═══ INFORMATION PROVIDED

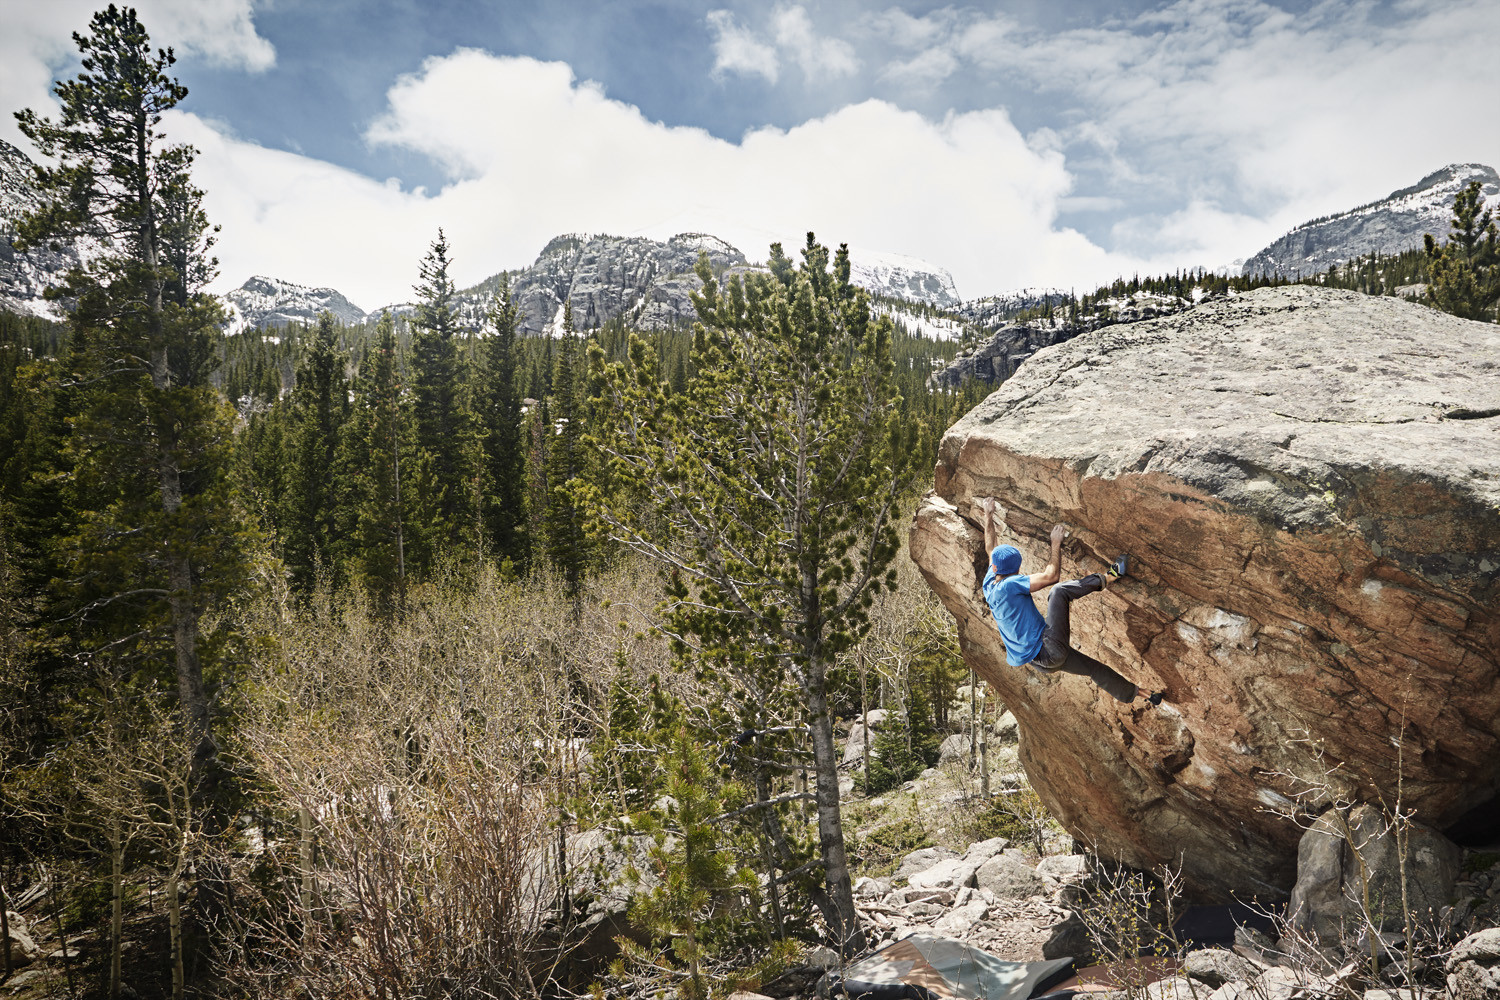 Ian Cotter-Brown Climbing in Rocky Mountain National Park
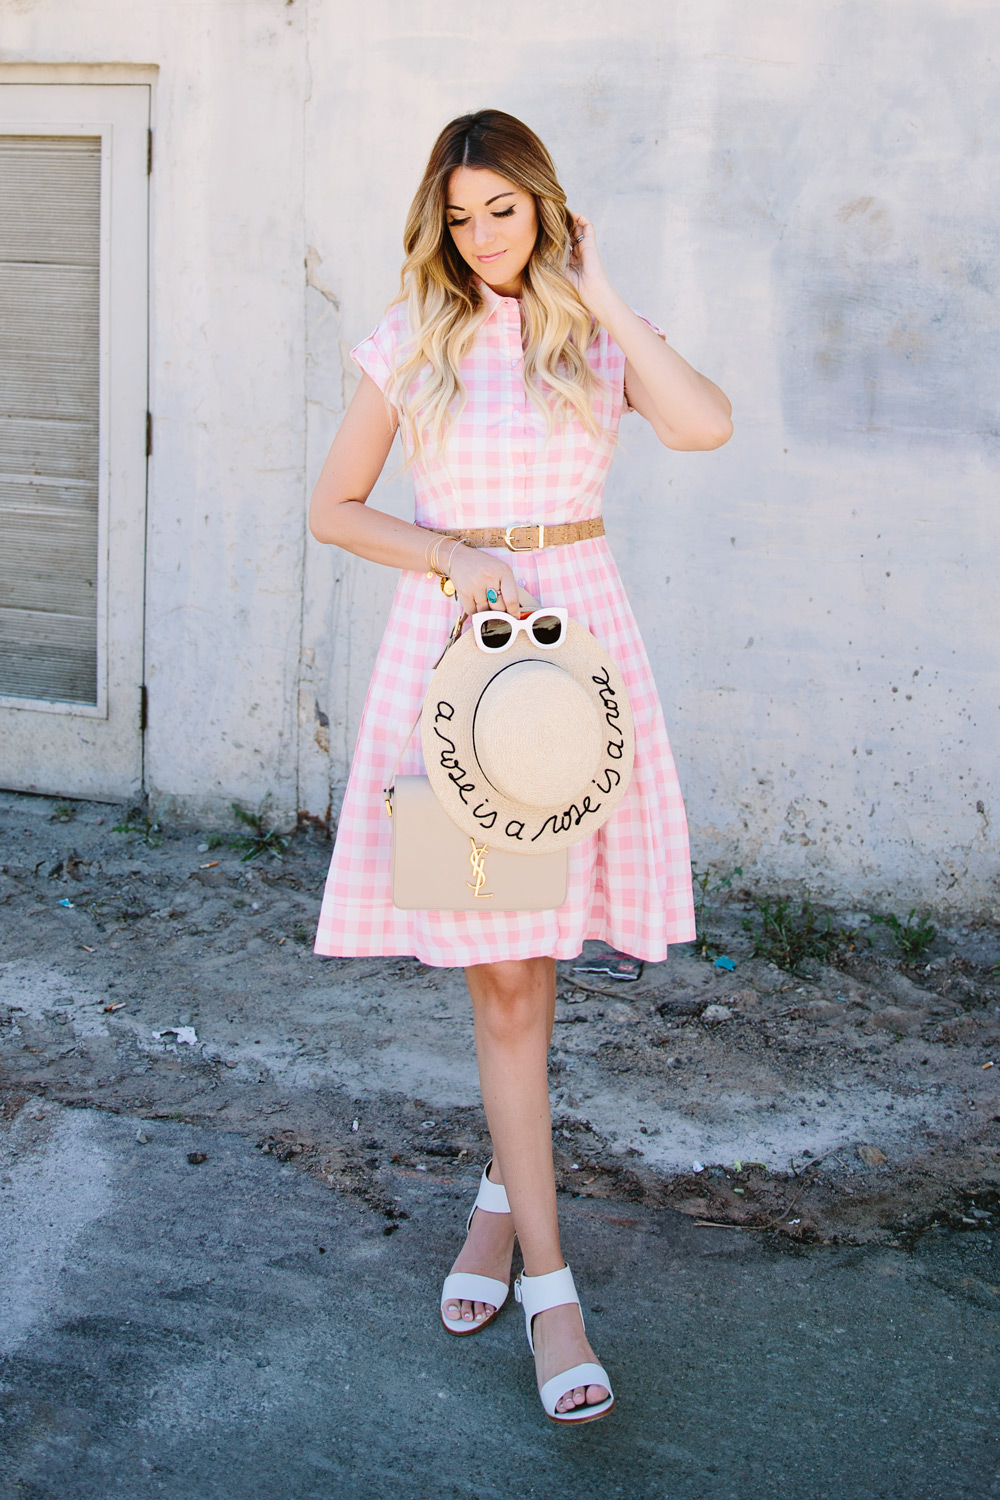 Dash of Darling styles an Eliza J gingham pink checkered poplin dress from Nordstrom with an Eugenia Kim straw boater hat, white Joie sandals and white Celine sunglasses for the perfect summer outfit.
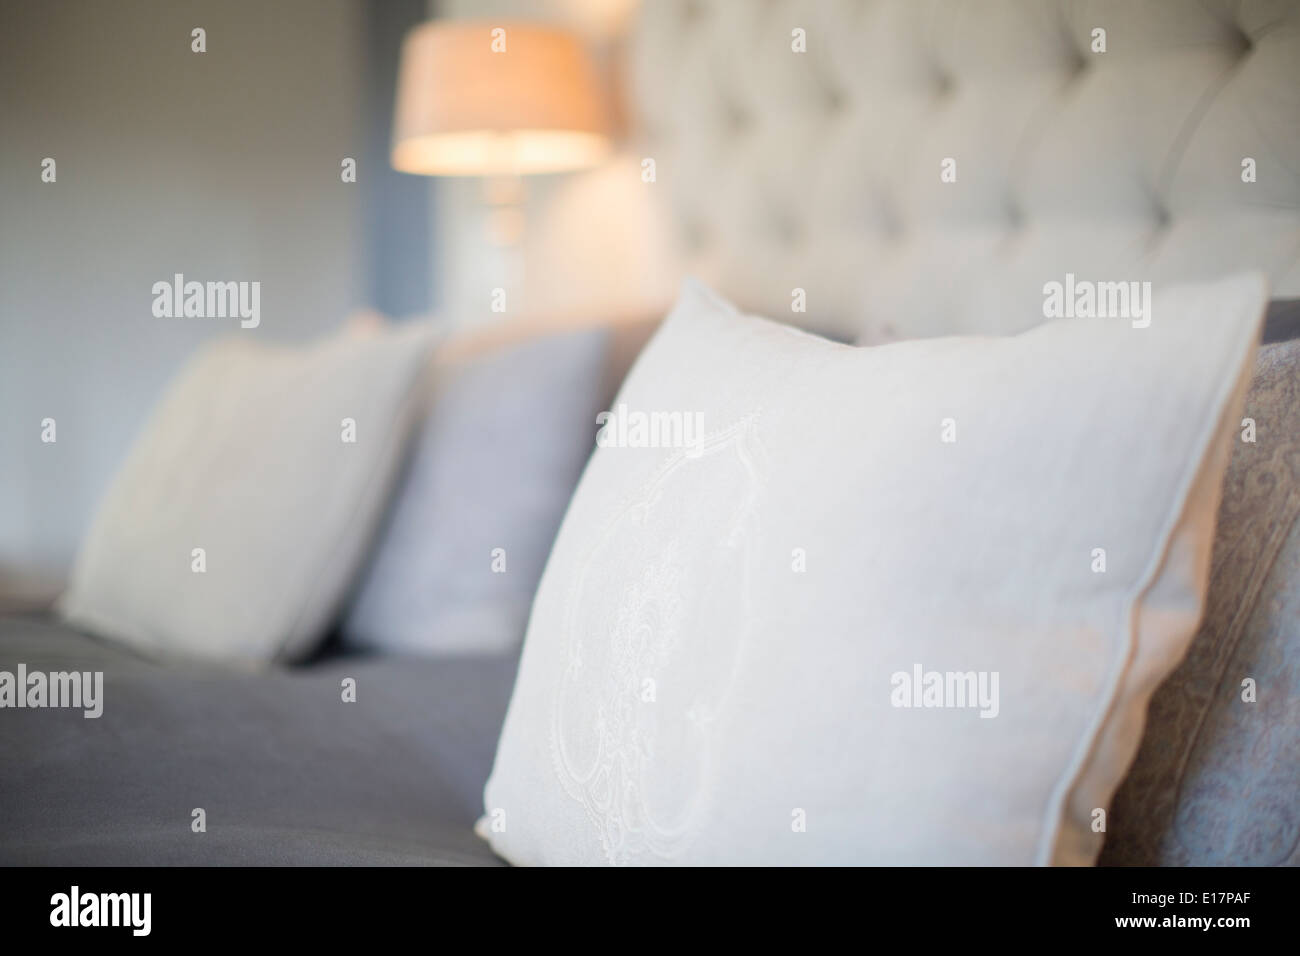 Pillows on bed in luxury bedroom Stock Photo

══════

__ASSIGNMENT__. Pictures are not part of the copy; reproduce exactly and only the lines from the line containing "Dash of Darling" through the end of the listing.

__SOLUTION TO THIS EXERCISE__.
 Dash of Darling styles an Eliza J gingham pink checkered poplin dress from Nordstrom with an Eugenia Kim straw boater hat, white Joie sandals and white Celine sunglasses for the perfect summer outfit.
 Pillows on bed in luxury bedroom Stock Photo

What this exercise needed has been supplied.